Notably, in resectable epidermal growth factor receptor (EGFR) mutant NSCLC, neoadjuvant EGFR-TKIs have shown considerable clinical efficacy. Neoadjuvant erlotinib resulted in a higher objective response rate (ORR) and improved overall survival (OS) compared to chemotherapy (8). Similarly, treatment with neoadjuvant osimertinib led to an ORR of 71.1% and a radical resection (R0) rate of 93.8% (9), and another study reported a major pathological response (MPR) rate of 26% with chemotherapy combination and 25% with TKI monotherapy (10). In contrast, evidence regarding neoadjuvant ALK-TKIs in locally advanced ALK-positive NSCLC is scarce and primarily derived from small scale exploratory studies. For example, one study documented an MPR rate of 55.6% and a pathological complete response (pCR) rate of 33.3%, with no recurrence, metastasis, or death during follow-up (11). Other clinical observations have also suggested potential therapeutic benefits, though larger prospective studies are needed to validate these findings.
Given the paucity of data and growing clinical interest, we herein present our initial experience with neoadjuvant ALK-TKI monotherapy in patients with locally advanced ALK-positive NSCLC. We present this article in accordance with the STrengthening the Reporting of OBservational studies in Epidemiology (STROBE) reporting checklist (available at https://tlcr.amegroups.com/article/view/10.21037/tlcr-2025-1-1333/rc).

Methods
This retrospective cohort study was conducted at West China Hospital, Sichuan University.
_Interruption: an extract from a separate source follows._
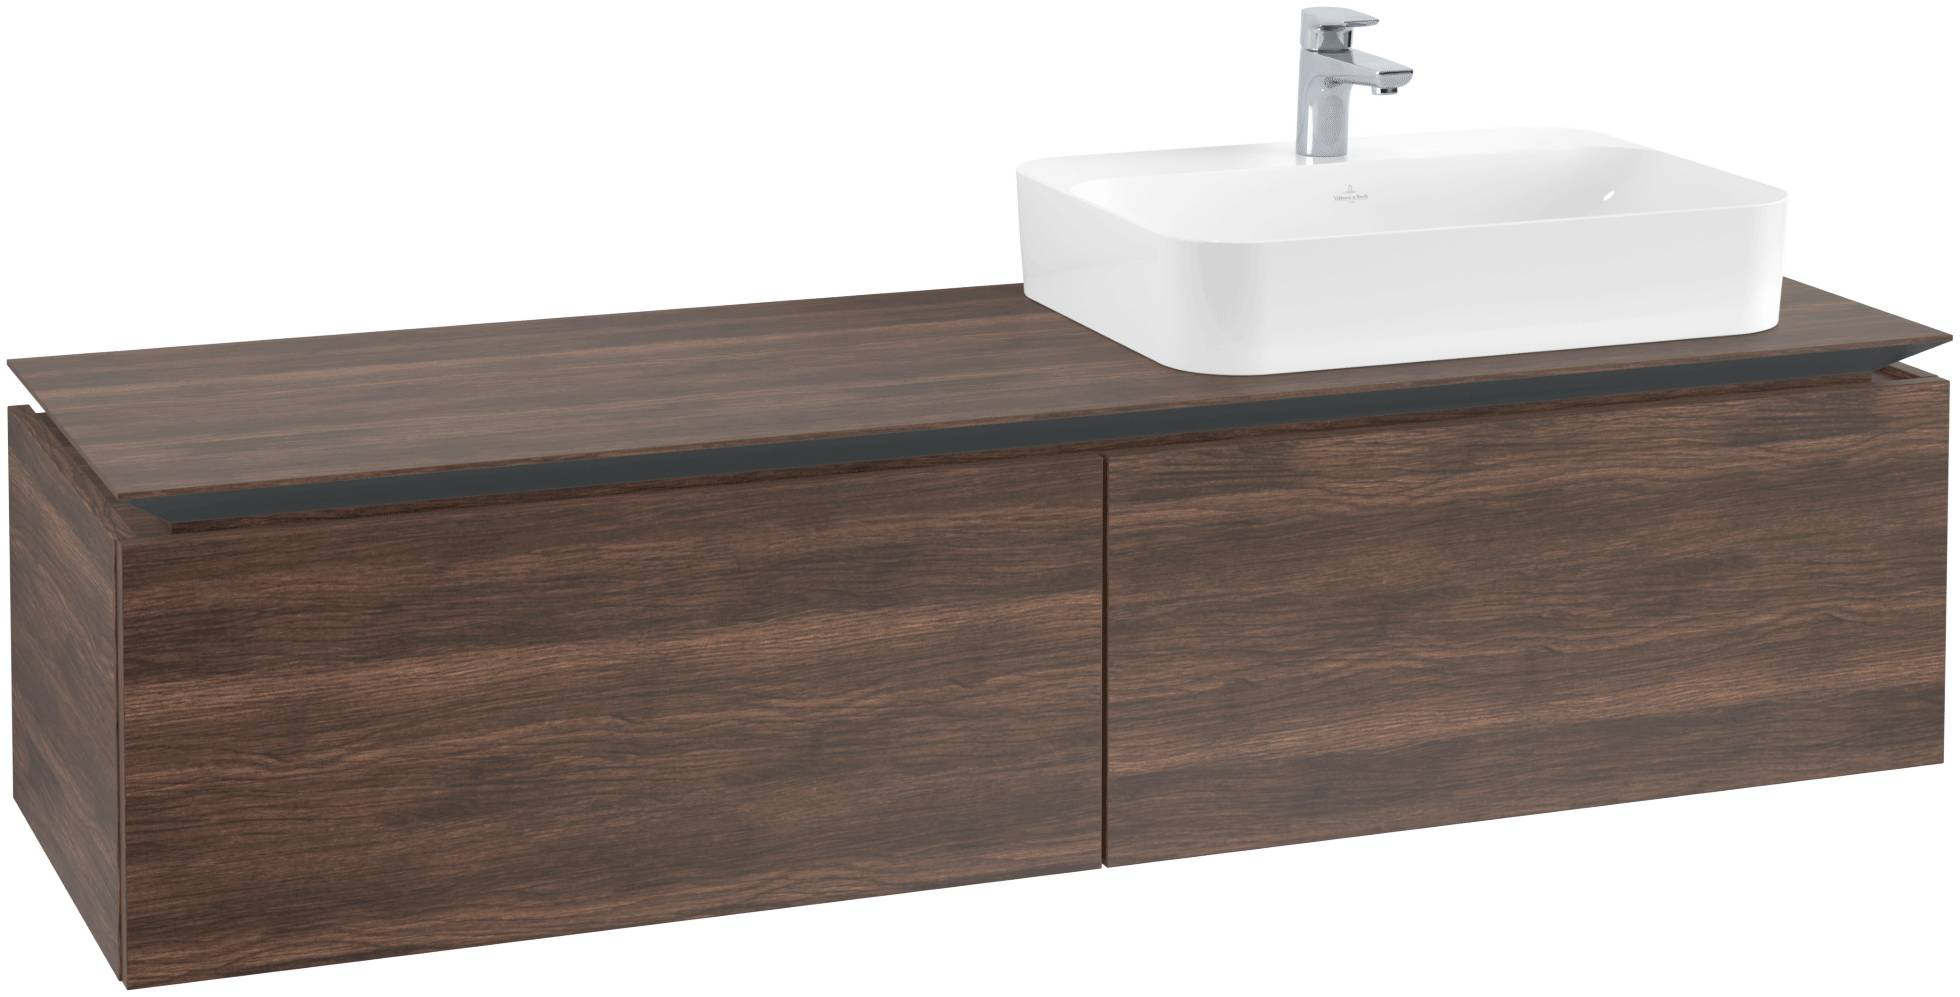 Villeroy & Boch Villeroy & Boch Legato - Meuble sous lavabo with 2 drawers & 1 cut-out right 1600 x 380 x 500mm arizona oak

This study was conducted in accordance with the Declaration of Helsinki and its subsequent amendments. The study was approved by the Ethics Committee of West China Hospital, Sichuan University (approval No. 2024-1356), and written informed consent was waived due to its retrospective design. We included patients with pathologically confirmed ALK-positive, locally advanced NSCLC who received neoadjuvant ALK-TKI monotherapy between June 2019 and June 2024. All patients were assessed by a multidisciplinary team and considered potentially resectable before therapy. The primary outcomes were ORR, R0 resection rate, and pathological response. Secondary outcomes included disease-free survival (DFS) and OS, while also identifying the optimal duration of neoadjuvant therapy based on the pathological responses and adverse events (AEs). ORR was assessed according to Response Evaluation Criteria In Solid Tumors (RECIST) 1.1 criteria, and AEs were graded using Common Terminology Criteria for Adverse Events (CTCAE) version 4.03.
Data collection encompassed patient demographics, tumor characteristics, ALK rearrangement status, treatment details, radiologic and pathological responses, and AEs. Quantitative variables were summarized using median and range. The optimal duration of neoadjuvant therapy was estimated via locally estimated scatterplot smoothing (LOESS) analysis. Survival outcomes were analyzed using the Kaplan-Meier method, with median follow-up estimated by the reverse Kaplan-Meier method. All analyses were performed using R software (version 4.3.2).

Results

Patient characteristics and treatment
A total of 25 patients with ALK-positive lung adenocarcinoma were included. Baseline characteristics, neoadjuvant therapy and perioperative outcomes are detailed in Table 1. The median age was 49 years (range: 23–69 years), and median tumor size at diagnosis was 3.8 cm (range: 1.5–6.2 cm).
Lesions were distributed as follows: 6 (24.0%) in the right upper lobe, 6 (24.0%) in the right lower lobe, 8 (32.0%) in the left upper lobe, and 5 (20.0%) in the left lower lobe. At baseline, 13 patients (52.0%) had stage IIB disease, 7 (28.0%) had stage IIIA disease, and 5 (20%) had stage IIIB disease. A total of 21 (84.0%) patients harbored EML4-ALK rearrangements and the remaining cases included 2 (8.0%) with KIF5B-ALK, 1 (4.0%) with HIP-ALK, and 1 (4.0%) with KLHL29-ALK rearrangement. Among these patients, 16 (64.0%) received neoadjuvant alectinib, 4 (16.0%) received neoadjuvant ensartinib, 3 (12.0%) received neoadjuvant crizotinib, and 2 (8.0%) received neoadjuvant lorlatinib. The median duration of neoadjuvant ALK-TKI therapy was 5 months (range: 2–10 months). All patients continued the same targeted therapy postoperatively. The detailed treatment patterns of the patients are shown in Figure 1A.
During neoadjuvant ALK-TKI treatment, all patients experienced at least one treatment-related AE, mostly grades 1–2 (Table 2). The most common AEs were edema (36.0%), nausea (28.0%) and constipation (24.0%). Grade 3 AEs occurred in 6 patients (24.0%) and only 1 patient required temporary treatment interruption for drug-induced liver injury.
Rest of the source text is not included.